This Article is From Jan 22, 2015

What Vajpayee Did Is Jaitley's Strategy.

(M.K. Venu is Executive Editor of Amar Ujala publications group)

Finance Minister Arun Jaitley does not want the market to look at the forthcoming budget as "make or break" for the NDA government. So Jaitley is at pains to suggest that a lot of important "reform measures" are happening outside the budget. He cited 2 weeks ago as an example that the increase in excise duties to support the funding of road projects by the government because the private sector is not coming forward to build roads. Nearly 70% of all new highway projects will be government-funded. Jaitley also talked at a function hosted by a private TV channel 2 days ago of key legislative reforms which are already in place, though the Land Acquisition Ordinance is a political hot potato which can potentially derail the budget session.
      
Jaitley is downplaying the budget exercise and pointing to important decisions have happened outside the budget precisely because he wants to dilute the "make or break" tag which the stock market is giving the budget exercise. The burden of over-expectation is something the Modi government has been grappling with over the last 8 months. This remains a millstone around Jaitley's neck.
         
So what are the big ideas the budget can unveil that will lift the animal spirits of India Inc and the markets? One theme which Jaitley has already clearly underlined is that the budget 2015-16 will focus on public investment-driven strategy to revive economic growth. This is interesting because both India and the world economy are still caught in a business-down cycle which is expected to further deepen because of the recent crash in global commodity prices. History tells us that a secular fall in global commodity prices lasts for some years and it hinders growth recovery.
 
It is fascinating to note that the NDA government under Vajpayee had also got trapped in a five year global commodity slump( 1998 to 2003) which brought down the average GDP growth rate to sub 5 % from 2000-01 to 2002-03. That is also the period when Vajpayee embarked on a massive public investment programme in roads, power and other infrastructure projects. The fiscal deficit during this period was between 5.5 to 6% of GDP, quite high by normally acceptable standards.

So are Modi and Jaitley caught in a similar situation as Vajpayee and Yashwant Sinha/Jaswant Singh were back in 2000 to 2003? The parallels between the two periods are uncanny. Jaitley has also responded with the Keynesian idea of public investment led growth strategy. Suresh Prabhu, Minister for Railways, echoed a similar sentiment when he told me that modernization and expansion of Indian Railways alone will require close to $100 billion over the next five to seven years. If this is seriously implemented, about 2 percentage points could be added to India's GDP by the Indian Railways alone over the next five years, says Prabhu.
        
So, one clearly gets the sense that the NDA will use public investment strategy to boost the infrastructure in roads, power, transport etc. The question is how will Jaitley communicate to the market and global rating agencies that a public investment led strategy to fund productive investments in infrastructure is not such a bad thing? In his previous budget, Jaitley took up the challenge to follow a strict fiscal road map and take the fiscal deficit down to about 3.6% by March 2016. Clearly, the Finance Minister will have to give up this goal for now as he focuses on a public investment led growth revival against the backdrop of worsening consumer demand in India as well as the rest of the world.

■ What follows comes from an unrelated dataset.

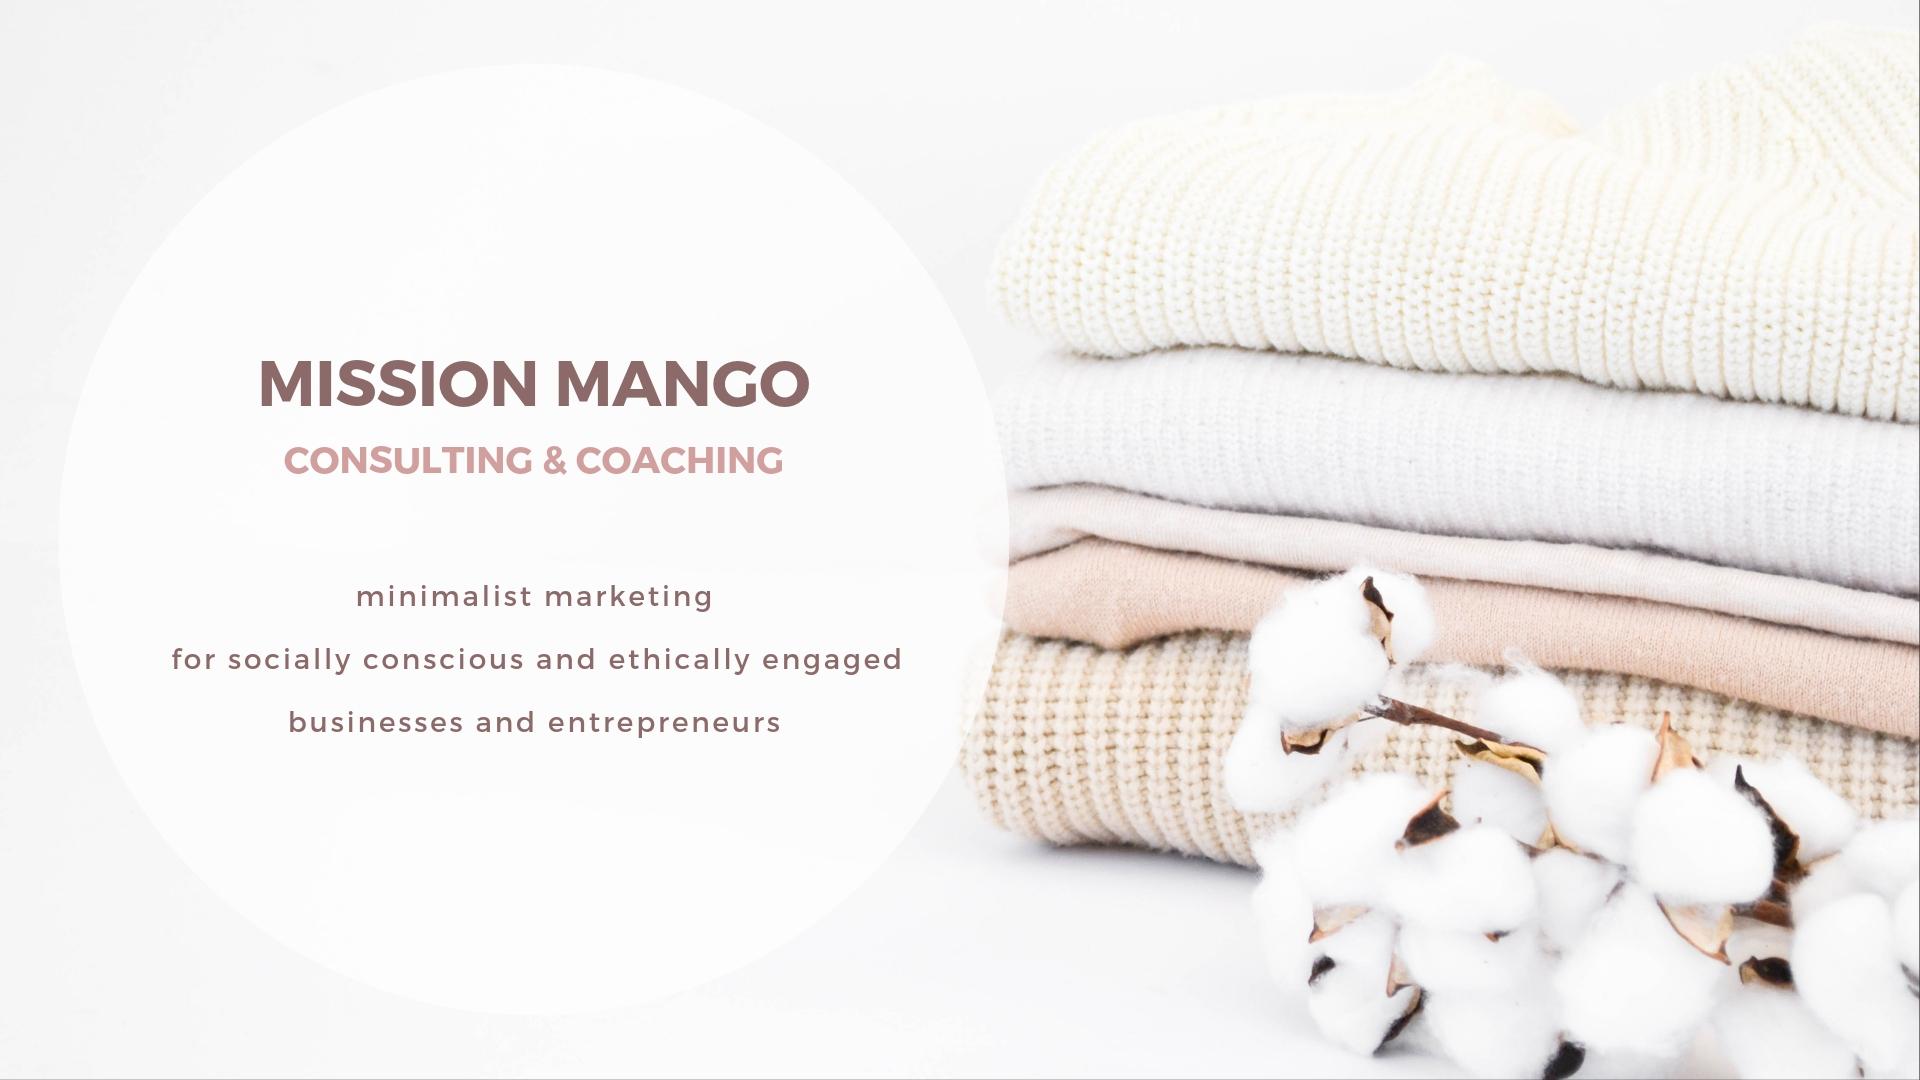 Mission Mango

The global markets and rating agencies may not take such a negative view of a somewhat higher fiscal deficit which is used for productive investments.
       
Since consumer demand-led growth will take time, the Finance Minister's best bet is to focus on an investment-led growth strategy, especially in infrastructure. To facilitate investment-led growth in manufacturing, Jaitley is likely to come up with some tax concessions for businesses participating in "Make in India" project. One obvious idea the Finance Minister could explore is to bring the corporate tax paid by foreign companies on an even keel with the Indian companies. Currently, foreign companies not incorporated in India pay about 10 percent higher corporate tax than their domestic counterparts. Many years ago, China had made the tax regime level playing for foreign companies to boost FDI in several sectors.

This seems like low-hanging fruit for Jaitley. It won't hurt anyone domestically while making it attractive for foreign companies to participate in the "Make in India" mission. Also, it must be kept in mind that foreign companies have cash (American corporations are sitting on $2 trillion of surplus cash which is equal to India's GDP). Indian companies are mostly strapped for cash today with over-leveraged balance sheets.
         
So the first phase of "Make in India" will have to be driven by either the government/PSUs or foreign companies. To revive consumer demand, especially in rural areas, the government needs to urgently widen its price stabilisation fund for farmers who have been badly hit by plunging agriculture prices. The budget is likely to have some measures in that direction. Indian businesses have asked for a stable tax regime and would expect Jaitley to articulate it more clearly than he did in his last budget. It remains to be seen whether the government will substantially cut welfare schemes of the UPA government. BJP President Amit Shah, addressing the cream of Mumbai businessmen in a function organised by a business news channel,  said that the BJP does not agree with their definition of "reforms" and will strive to build a welfare state. Will this reflect in the Budget?